1192976 - Change perfherder database schema for performance and extensibility

Assignee

Description

•

10 years ago

Currently the way we store data in perfherder is rather suboptimal: * It uses Datasource, a proprietary database abstraction layer interface that is difficult to reason about and use, which makes it difficult to onboard new contributors and has impacts on even core developer productivity. * We store the data redundantly for each time interval we support (1 day, 1 week, 2 weeks, etc.). This impacts scalability, particularly where disk space is a concern like treeherder stage. * Result set and job information for performance datums can only be looked up by downloading a complete set of performance data that encapsulates the time intervals when the jobs were run for that result sets. This can be rather slow, especially for something like the compare view where we might want to download 20-30 pieces of data at a time. To solve these problems, I'd like to experiment with using the Django ORM and storing performance datums in their own specialized table, with columns for result set information, job information, project, push timestamp, and performance signature. In addition to being more space efficient and easier to work with, this would also allow the following: * Look up performance data for a particular job almost instantly (useful for bug 1186191 and probably other things) * Look up all talos results for each resultset almost instantly (useful for compare view) * Look up arbitrary intervals of performance data without downloading everything (useful for data mining) There's probably even more advantages to this approach that I haven't thought of. Let's give it a try.

William Lachance (:wlach)

Assignee

Comment 1

•

10 years ago

Attached file PR — Details

Hey Mauro, this isn't ready for merging yet, but I was wondering if you could take a look and let me know if you have any initial feedback. I'm still relatively new to the Django ORM so there's probably some things I'm doing wrong. Still todo: * Support ingestion via ORM * Various filter options for getting perf data * I decided to change the web service APIs since the old ones didn't make much sense, to be nice we might want to add compatibility shims * Write some kind of migration script to pull / import data from old databases * More extensive testing to make sure this scales

Attachment #8647209 - Flags: feedback?(mdoglio)

William Lachance (:wlach)

Assignee

Updated

•

10 years ago

Blocks: 1157687

Mauro Doglio [:mdoglio]

Comment 2

•

10 years ago

Comment on attachment 8647209 [details] [review] PR I added a few comments, it looks good so far :-)

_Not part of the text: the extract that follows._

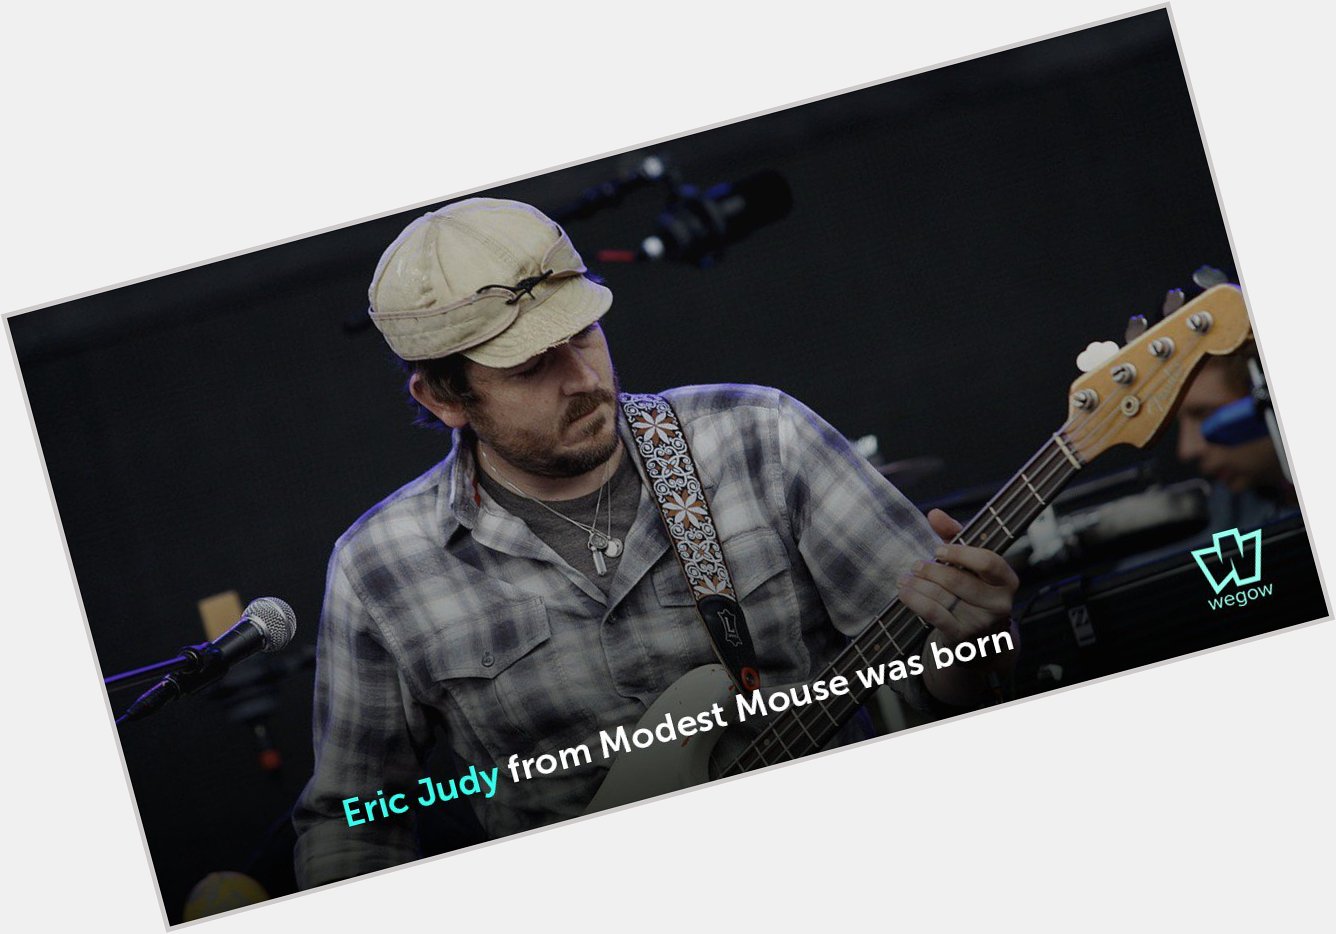 43 years ago Eric Judy from Modest Mouse was born. Happy Birthday!

Attachment #8647209 - Flags: feedback?(mdoglio) → feedback+

Ed Morley [:emorley]

Updated

•

10 years ago

Blocks: 1178641

William Lachance (:wlach)

Assignee

Comment 3

•

10 years ago

Comment on attachment 8647209 [details] [review] PR I think this is ready for a more thorough review. There is a lingering issue where the performance adapter unit test can be extremely slow if your database is large. Really the problem here is bug 1133273, but after more than a day of trying to solve that using various methods (first trying to switch to pytest-django, then just trying to make the setup of a test db work again), I'm not sure if the fix is easy as long as we're using datasource... it makes setting up a test environment very difficult since you have to do everything by hand that django expects to be able to do for you. We might have an easier time switching away from datasource altogether. I think most of this is pretty straightforward. In addition to the new storage structure, there are also two new management commands: * add_perf_framework: Adds a new performance framework (currently we only have talos, but this opens the door to cleanly seperating out e.g. autophone from the rest of our test data) * migrate_perf_data: Intended to migrate everything in the old database to the new schema. This is a once off, of course -- I expect to delete it in some subsequent commit.

Attachment #8647209 - Flags: review?(mdoglio)

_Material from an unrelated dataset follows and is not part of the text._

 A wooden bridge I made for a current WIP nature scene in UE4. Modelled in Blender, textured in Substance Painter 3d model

Attachment #8647209 - Flags: feedback?(emorley)

Attachment #8647209 - Flags: feedback+

Ed Morley [:emorley]

Comment 4

•

9 years ago

(In reply to William Lachance (:wlach) from comment #3) > Really the problem here is bug > 1133273, but after more than a day of trying to solve that using various > methods (first trying to switch to pytest-django, then just trying to make > the setup of a test db work again), I'm not sure if the fix is easy as long > as we're using datasource What about reverting the hunk that camd (presumably accidentally) removed? (See bug 1133273 comment 1)

Ed Morley [:emorley]

Comment 5

•

9 years ago

Comment on attachment 8647209 [details] [review] PR My look at this was still quite cursory (whilst I've left a lot of comments, it was still quite a large PR), so Mauro please do still look at this thoroughly :-) Overall looks great - agree that this is a much better way of structuring the perf data - hopefully will avoid some of the DB issues we've been seeing :-) I also can't wait until even more things are using the ORM, is so much nicer.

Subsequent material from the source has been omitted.